The name Brazey first appeared as an entry in the registers for birth, marriage and death at St John the Baptist, the parish church of Halifax. Most of the early holders of this name could not write, and so they were at the mercy of registrars where the spelling of their name was concerned. Over time the name appeared in variants such as Brasey, Brassey, Bracey, Brazier, Brayshaw, Brashaw and Brawshaw, particularly when members of the family moved to other areas with registrars who had different ideas about how it should be spelled.
The original Mr Brazey (William Brassey d. 1792)
It is perhaps surprising, then, that the earliest references to the surname are the birth records of the children of an educated stonemason whose marriage record in 1748 says quite clearly William Brassey, with an elegant old-fashioned double s, where the first s looks like an f. This spelling is repeated on the copy of his will held by the Prerogative Court of Canterbury. Made in 1786 the will leaves his holdings in Halifax and Southowram to his dear wife Mary for her life, and then to his two surviving sons, John and William, and seven surviving daughters. (Three further children had died in infancy.) Trustees of the will were Thomas Smith and John Foster, fellow masons, who were the husbands of two of William’s daughters, Patience and Susan. In the event, Mary predeceased her husband and presumably the inheritance went directly to the children.
Despite William Brassey’s choice of spelling, all the birth records relating to his children use the spelling Brazey, and his own burial record also seems to say Brazey. Only one of his children could sign their own name on their marriage register, and that son William (1761-1834) also used the spelling Brassey in 1779.
After this, both Brassey and Brazey were used in records for the illiterate members of the family, including the elder son John (1752-1814) who had three children but no Brazey/Brassey grandchildren.
In 1760, another William Brazey appears in the church record, marrying a Rachel Hartley or Heartley. Many researchers have assumed him to be the father of William Brassey/Brazey (1761-1834) but a careful look at the records shows that this William is a (Wool)Comber, not a Mason. He has two children in the records, Ann (1771-1772) and William (born 1768). After this, they disappear from the records completely, except for the burial record of Rachel, the wife of William Brashaw aged 55, at the Non-conformist Square Chapel in Halifax in 1795. Birth and death records could be recorded at Non-conformist churches, (although I have found no other records of this family at the Square Chapel) but marriages had to be ratified by the Church of England. It would seem that there were no further descendants from this family.
William Brassey (1761-1834)
So the younger son William Brassey is the ancestor of all subsequent Brazeys. He was also a Stone Mason and settled in Southowram, the small town across the River Hebble from St John the Baptist’s. He married young, before his 18th birthday in 1779, probably because his wife Mary was already expecting their first child, Betty (who lived to the age of 78 and had six children without ever marrying.)

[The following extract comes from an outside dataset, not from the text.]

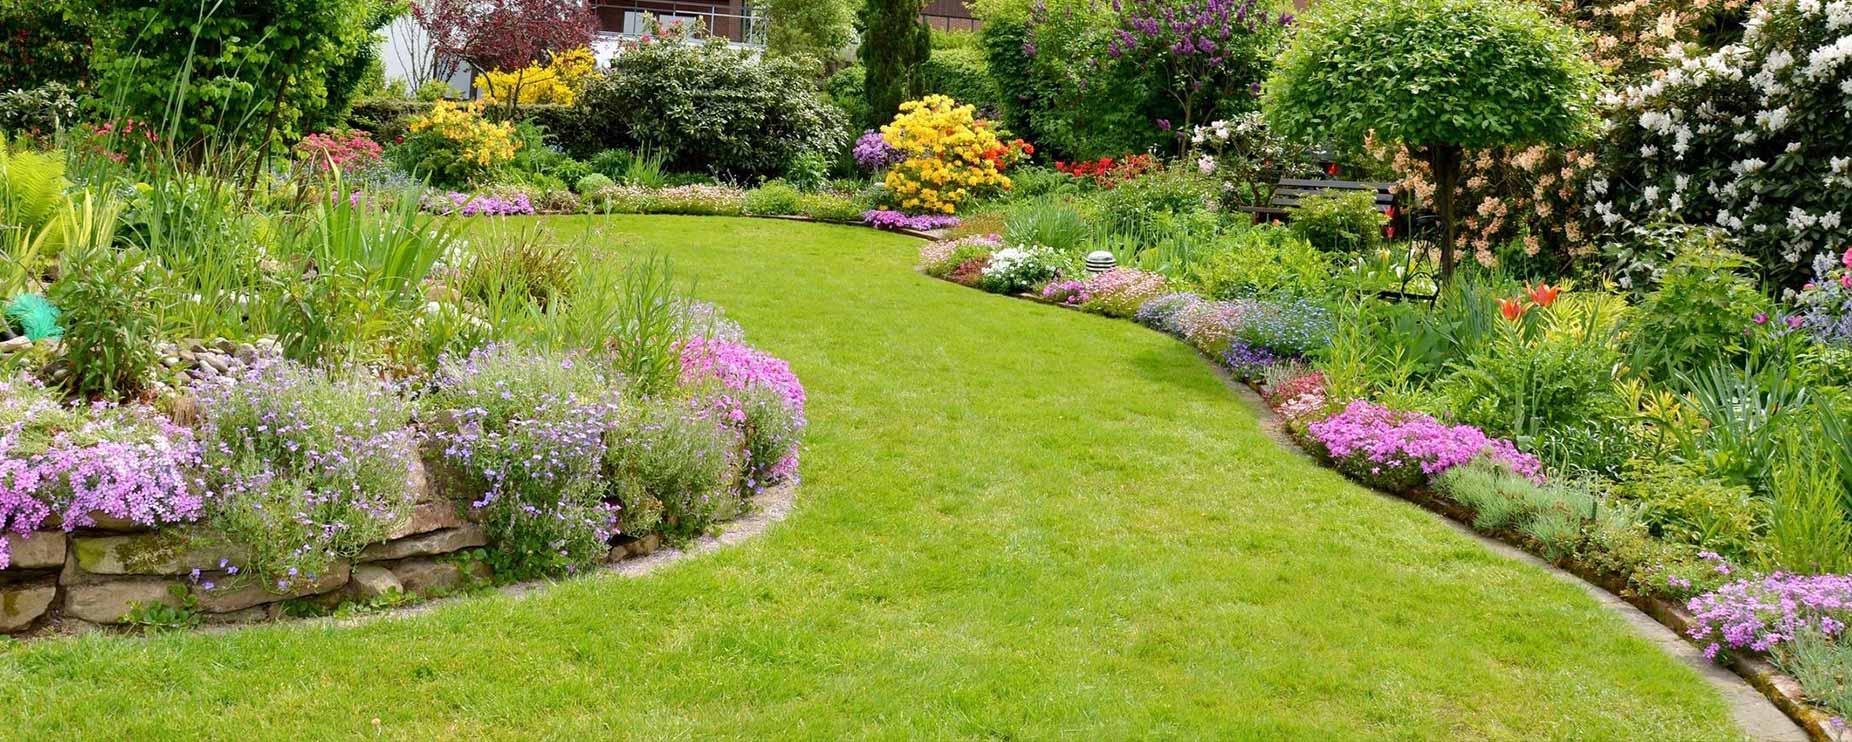 Realizzazione giardini toscana giardiniere esperto - Il giardino italiano ...

Although William could write his name in 1779, I have not found any of his 10 children or 37 grandchildren who could sign their name. As a result, a wide range of spellings were used in their marriage, death and census records. One grandchild moved to Worcestershire and became a Brazier; those that moved to Manchester became Brashaws or Brayshaws. The ones that stayed in Yorkshire generally became Brazeys or Brayshaws. One great granddaughter who died in London seems to have had death certificates in both these names. The names were probably only fixed when people learnt to write their own names.
Curiously, there seem to be no descendants who adopted the spelling Brassey preferred by the family’s patriarchs, which was not used in the records much after 1840 or so. William’s son Joseph, my gggg grandfather, went by the name Brazey, but had several sons who became Brayshaws.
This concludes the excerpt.